The great land robbery
By Avirama Golan"It's hard to build, it's hard to buy, it's hard to plan and it's even hard to renovate," Prime Minister Benjamin Netanyahu said at the annual Caesarea conference last Thursday, elaborating on the difficulties of even enclosing an apartment balcony. With embarrassing superficiality, he quoted from a document drafted by the Finance Ministry for the Israel Lands Administration, entitled "The land reform - questions and answers." The document brims with rosy promises, and its purpose is clear: to obscure the unprecedented step the government is planning with regard to our rarest and most important national resource - land.
Under the guise of implementing the Gadish Committee's recommendations on the need to streamline the ILA, the government is preparing to divest itself of its own - and, even worse, the public's - sovereignty over the planning and use of land. This includes everything from the scenic landscape to the water economy to the distribution of green or agricultural lands versus crowded urban areas, center versus periphery, cities versus villages. And all this is being done hastily, via a problematic use of the Economic Arrangements Law - in defiance of a sharply worded opinion by the Knesset's legal adviser, which stated that the Arrangements Law is not the appropriate vehicle for carrying out a reform of this magnitude.
The treasury document promises that privatizing the land - in other words, transferring control of all the most expensive land in the center of the country from the ILA, meaning the state, to whomever wants to buy it - is a marvelous growth engine that will reduce home prices and, once and for all, eliminate the cumbersome planning bureaucracy.
This is a confused and misleading grab bag of claims. Housing prices in Israel are indeed high, but young couples could be aided via the construction of subsidized rental apartments, exemptions from real estate taxes and other measures. Selling expensive land in the center of the country to private entrepreneurs is actually liable to raise the price of apartments - something that has happened before. Entrepreneurs who own land generally prefer to use various means, some more legitimate than others, to enhance its value and then resell it, or to build only in their spare time. The collapse of Heftsiba ought to serve as a warning on this issue.

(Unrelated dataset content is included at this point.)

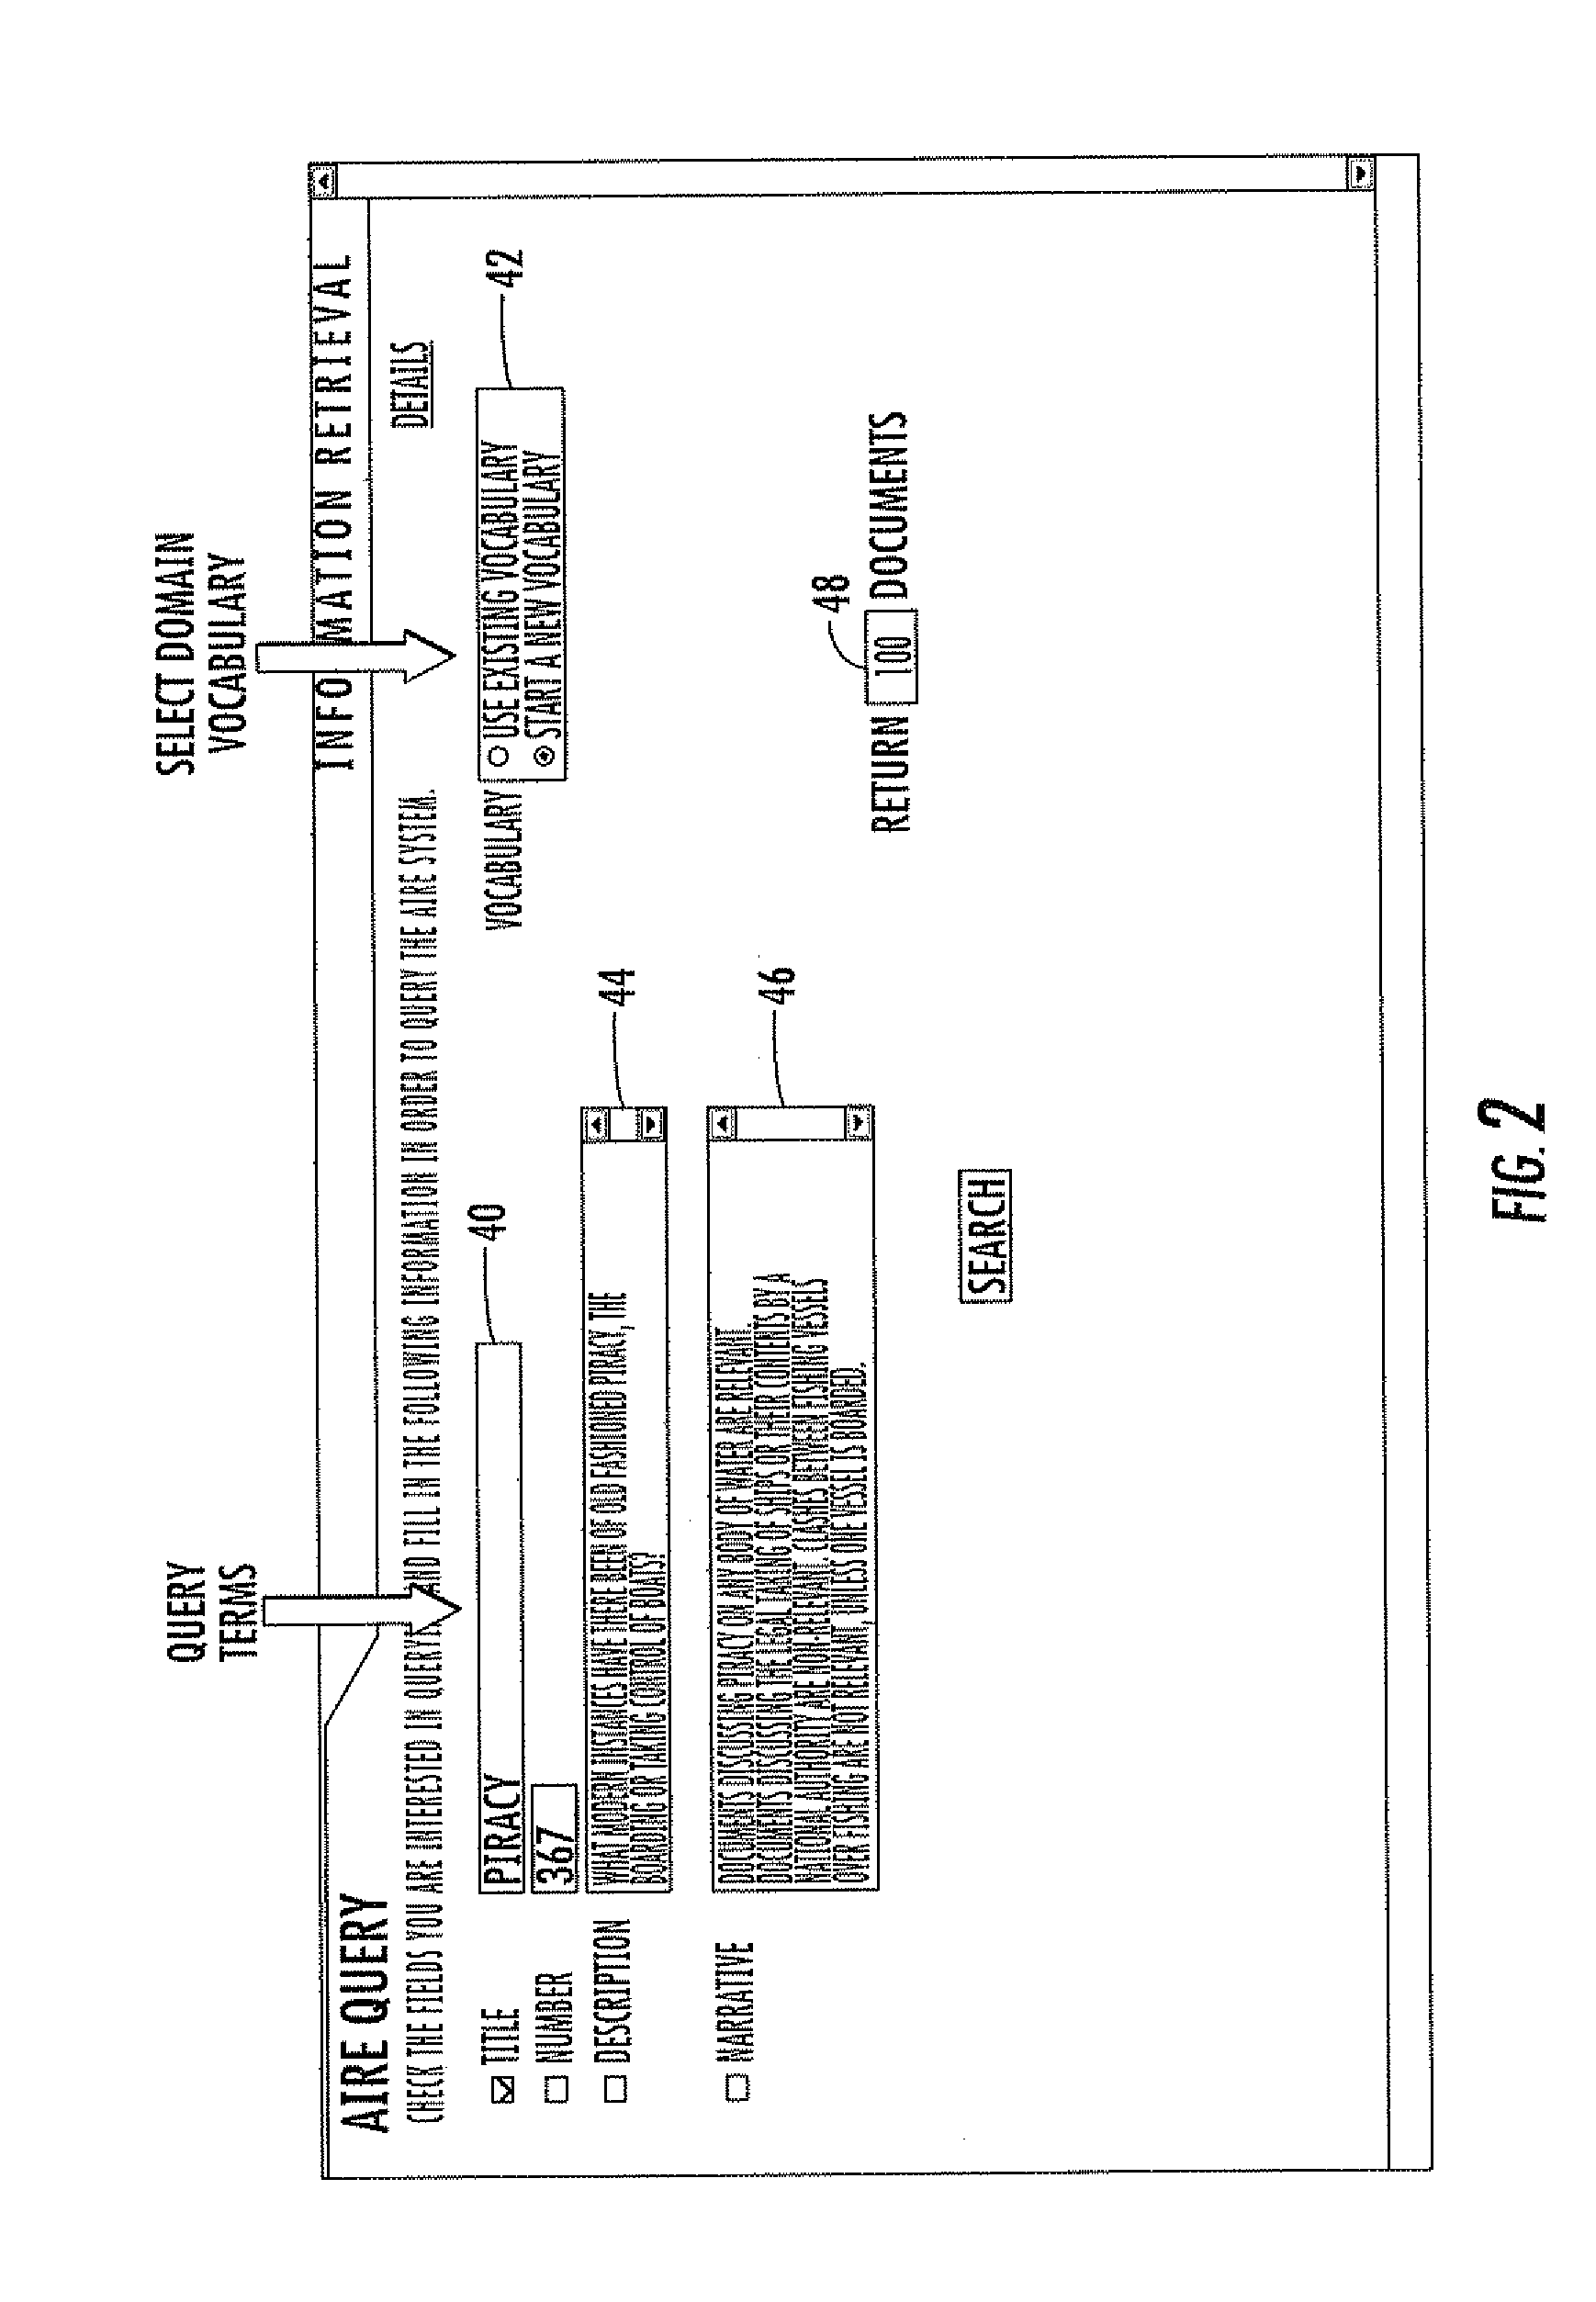 Method for re-ranking documents retrieved from a multi-lingual document database

"Every leaseholder will be able to buy his apartment," the treasury promises. But an amendment passed in response to the Gadish recommendations has been enabling this since 2006. What the reform does is alter the relevant clause from "the sale of a dwelling in a high-density construction project" (meaning a leaseholder can buy his own apartment) to "the sale of real estate assets" (meaning anyone can buy any such asset). It even extends the possibilities to purchasing land for which no zoning plan exists! In other words, everyone will be able to buy as much state land as they please, obtain speedy authorization to use unzoned land and build whatever they please. Okay, not everyone. Just every one of the five wealthy tycoons who in any case buy up everything in this country.

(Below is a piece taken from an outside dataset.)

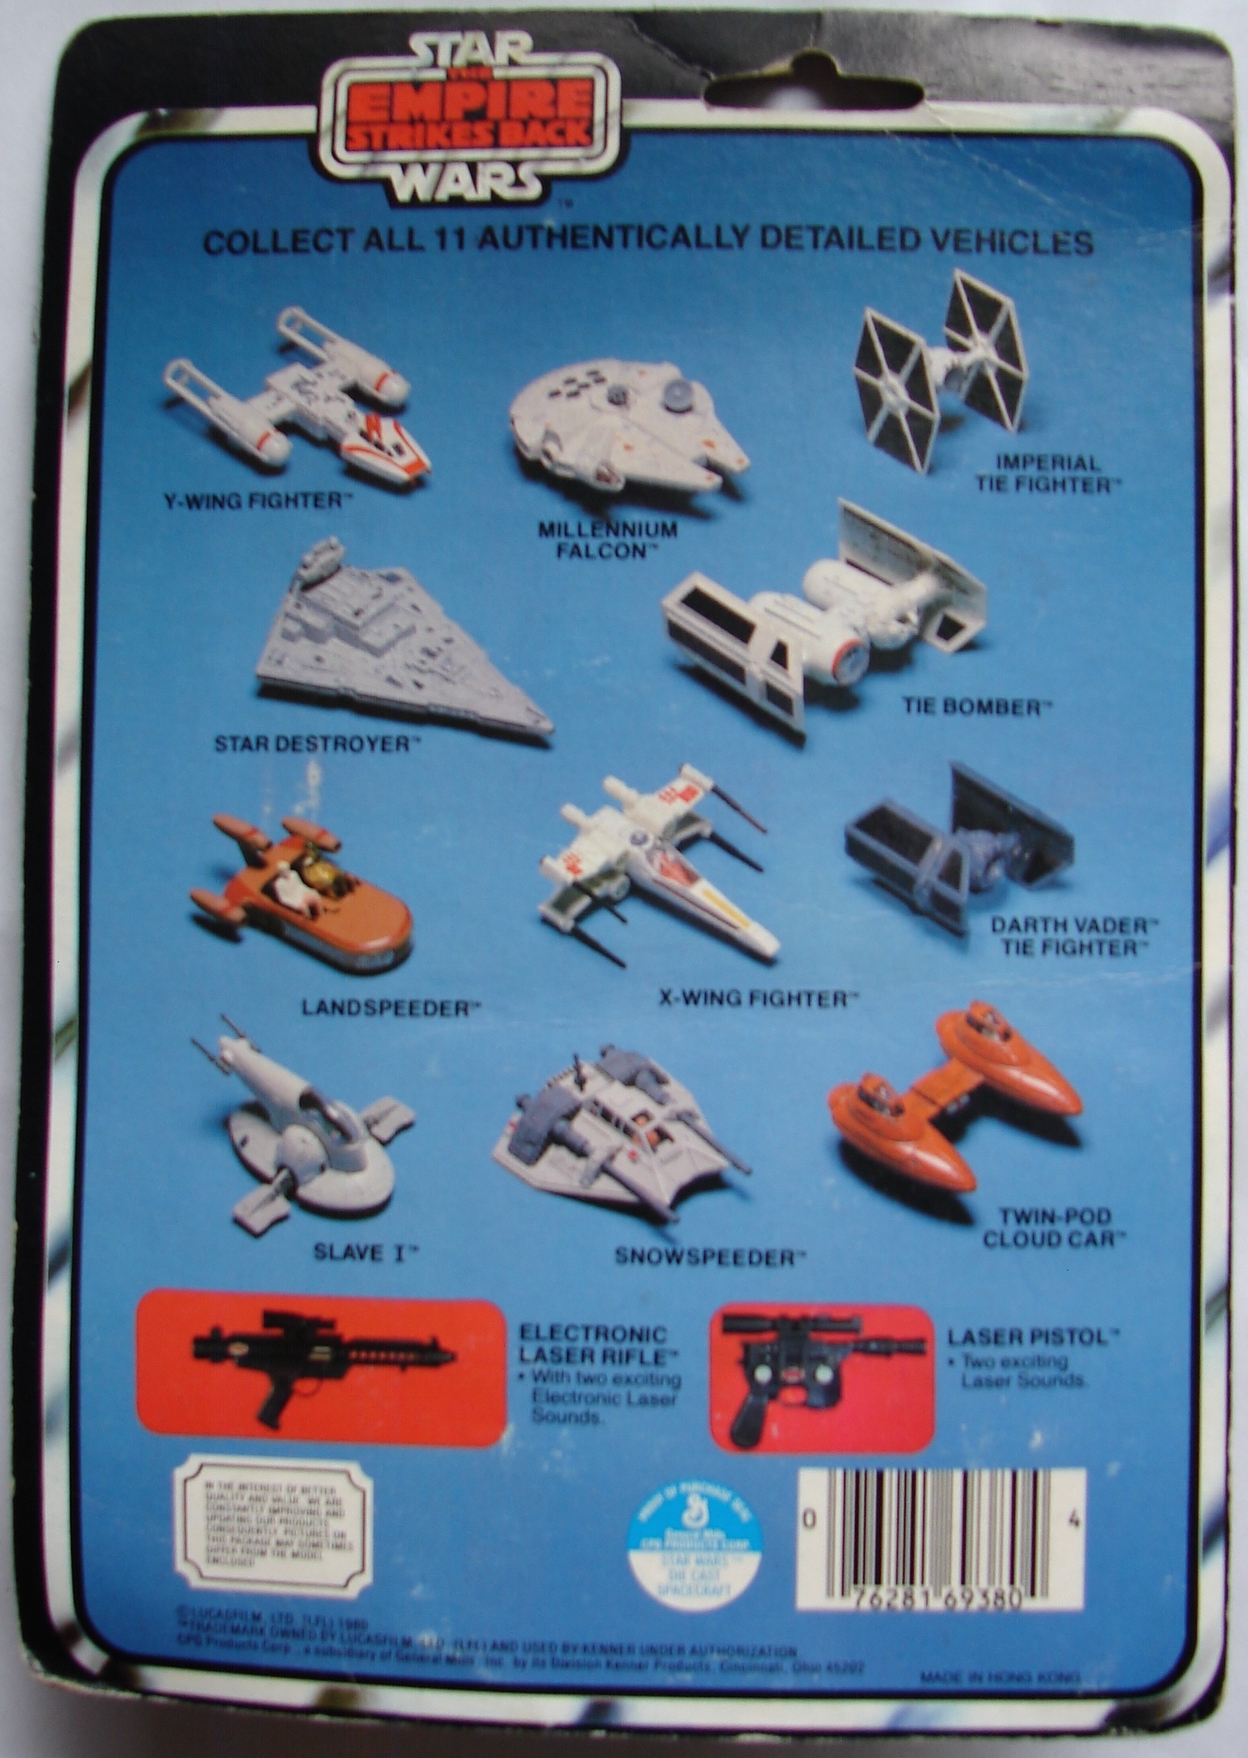 spaceship toys from the 80's

Yet this will not apply to the Negev and the Galilee. The land there will be handed over to the Jewish National Fund, whose representatives on the ILA have already approved the reform. In these regions, where those in need of housing are mainly Arabs, the JNF will clasp the land close to the Jewish breast. But in the center, private real estate entrepreneurs will have a party at the expense of infrastructure and public needs. Anyone who does not believe this should visit the scandalous expansion that David Appel has built in Ginaton, while bypassing all those planning processes and zoning plans that the reform seeks to eliminate.
The cumbersome processes that Netanyahu complained of are even more burdensome in the countries we usually envy. It is hard to find another country where the enclosure of balconies, the glorification of ugliness and the lack of consideration for others are as rampant as they are in Israel. In New York or Amsterdam you cannot even replace a windowpane without a permit from the municipality.
Overall planning in Israel is the responsibility of one of the country's most professional agencies, the Interior Ministry's Planning Administration. The local planning committees, which are responsible for filling in the details, indeed suffer from various weaknesses, of which the most important is the dangerous involvement of politicians hungry for real estate development. But the reform will only make this problem worse because in the "Lands Authority" that will be established in place of the ILA, the sole decision-makers will be representatives of the government and the JNF (with the minister in charge of the agency even having veto rights). The agencies responsible for planning, citizens' rights, upholding the law and preserving the environment will all be left outside.
The reform will produce neither an engine nor growth, neither homes for all nor greater efficiency. Instead, it will produce anarchy in land planning, reserves and regulation, for the benefit of tycoons close to the government - and who, from now on, will also own an abundance of private property and land.
A bank whose managers have sinned can be nationalized by the government. But how can the government return lands to the public once a holiday village, a country club and a pool have already been built on them?